The data indicate that IMPS, which was launched in India in November 2010, is finally beginning to gain acceptance among cell phone users. The facility is provided by the National Payments Corporation of India (NPCI) through the national financial switch. IMPS offers instant, 24x7 inter-bank electronic fund transfers through mobile phones in a secure manner.

The volumes are expected to rise further. Recently, the NPCI launched person-to-person and merchant transfers, as well as technology to enable service providers to send automated alerts to their users — on BSNL and MTNL connections.

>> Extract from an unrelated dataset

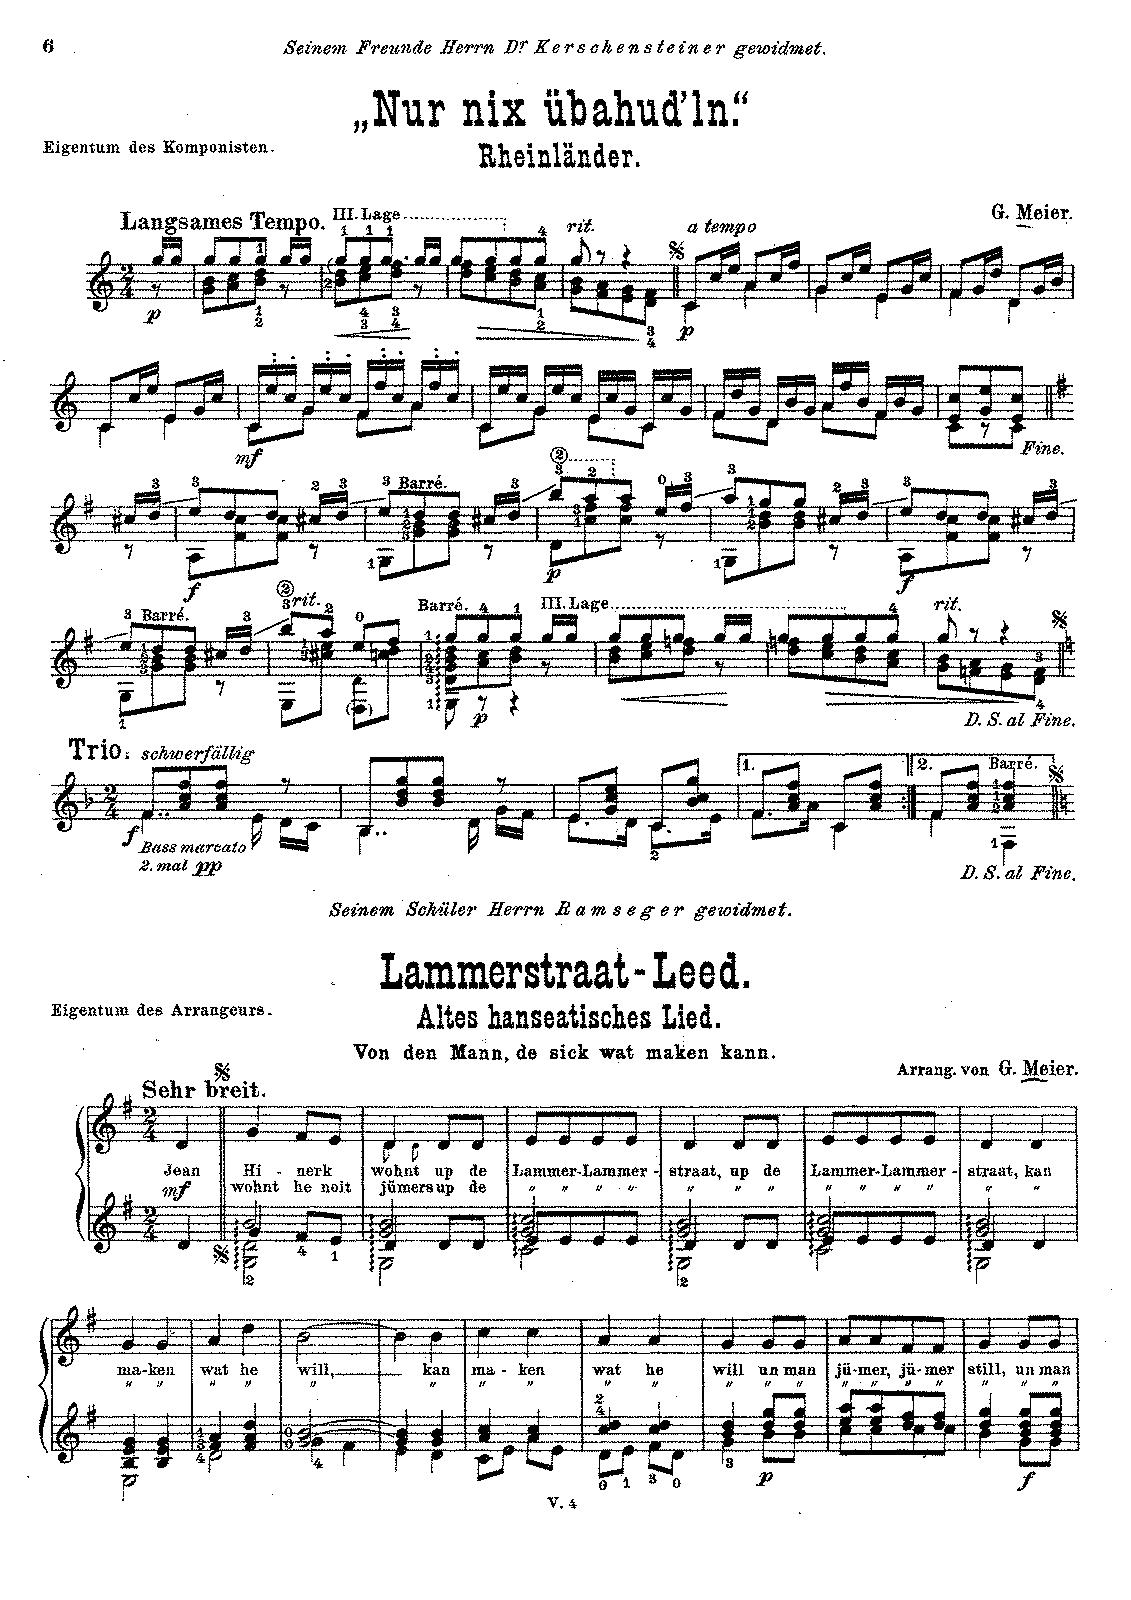 Nir nix ubahud'ln and Lammerstraat-Leed (Meier, Georg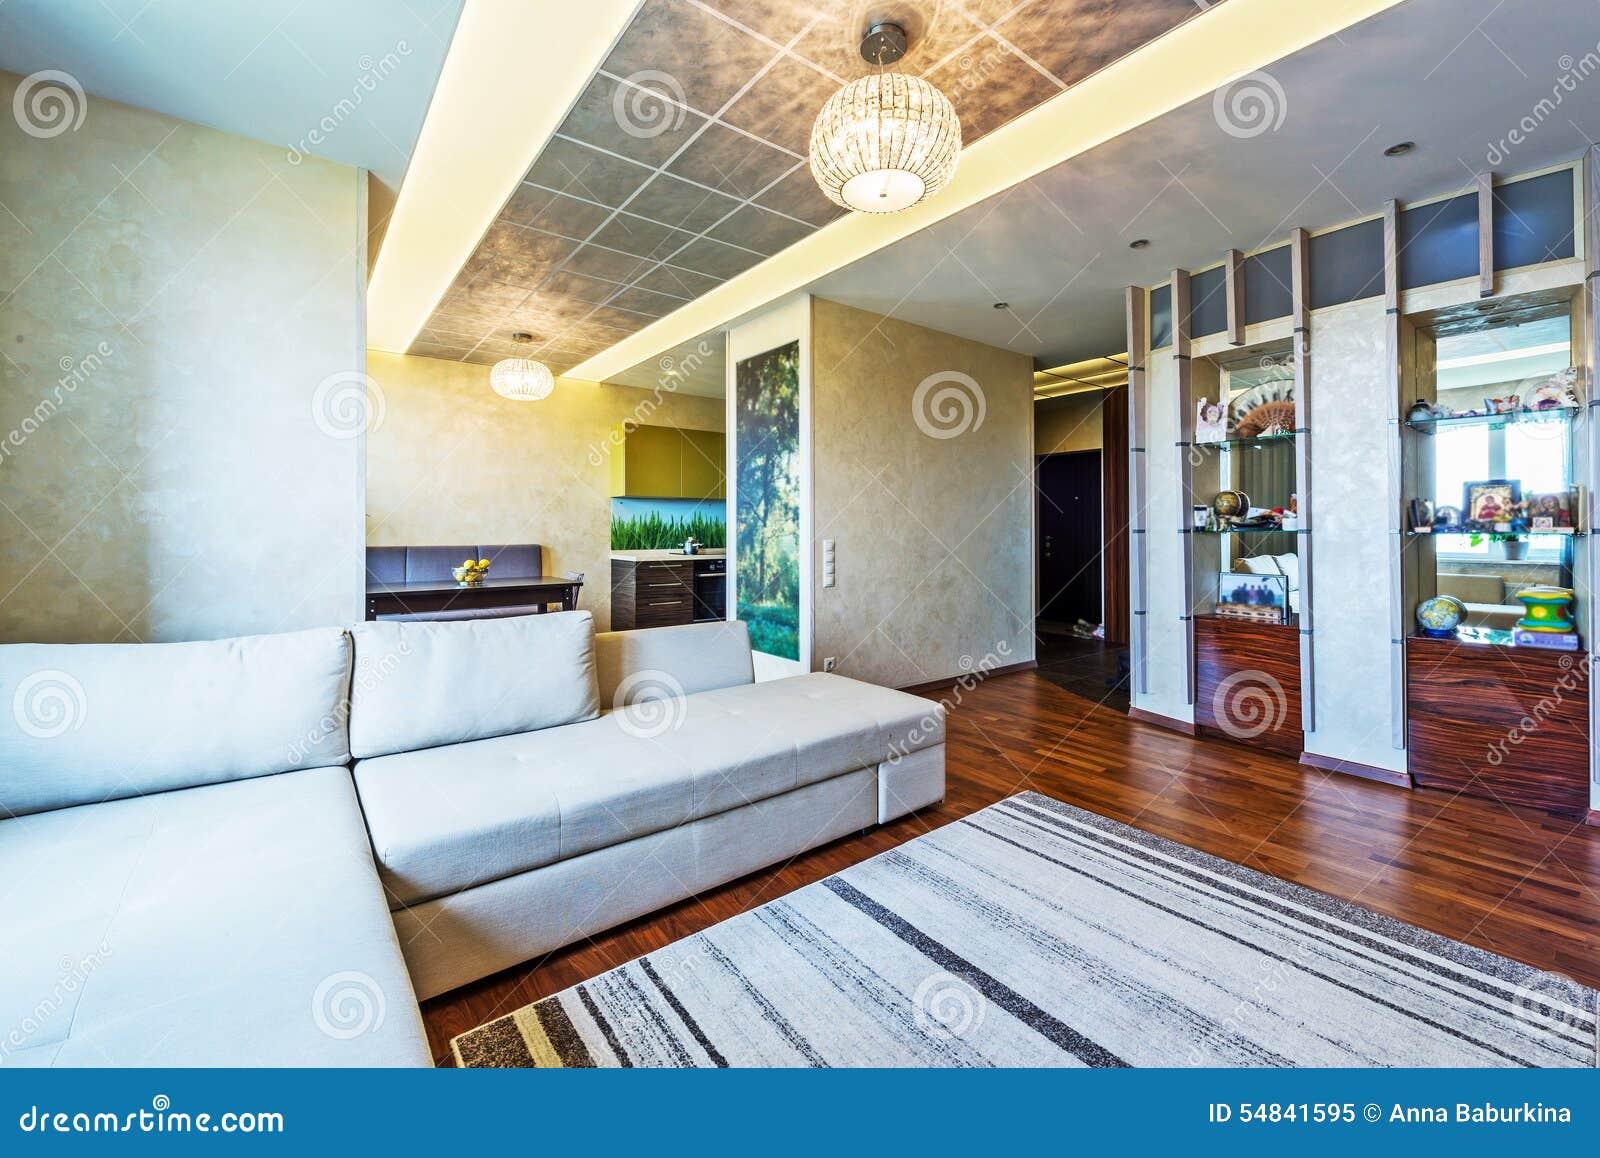 Ein Großes Modernes Wohnzimmer

With over 870 million customers at present, the telecom industry has seen high growth over the past decade. And, the growth is not just in urban areas, 40 per cent of rural India has jumped onto the mobile phone bandwagon. While initially the services were limited to communication, entertainment and information, innovative mobile applications have extended the potential of mobile phones to areas such as governance, commerce and health. The financial services sector also recognised the opportunity presented by permeation of mobile phone services. But the stakeholders are still calibrating the consumer proposition and service delivery mechanism to tap this huge potential.

Regulatory regime

The regulatory environment, too, needs to be tweaked to give a push to mobile-based payments, which are dwarfed by the quantum and volume of cheque-based payments, as well as Internet transactions that take place on a daily basis.

Lack of awareness about mobile payments as also the absence of a standardised and easy-to-use service — service providers adopt different routes for offering IMPS — are stumbling blocks.

Consequently, it is often impossible to transfer money to a user or merchant using a “wallet” provided by a different service provider. Another hurdle is the lack of trust in digital money, with people worried about security, privacy, speed and transparency of usage charges.

What is more, once money is loaded or received through mobile devices, there are limited facilities that enable cash withdrawal. To boot, there is a limit on cash withdrawal.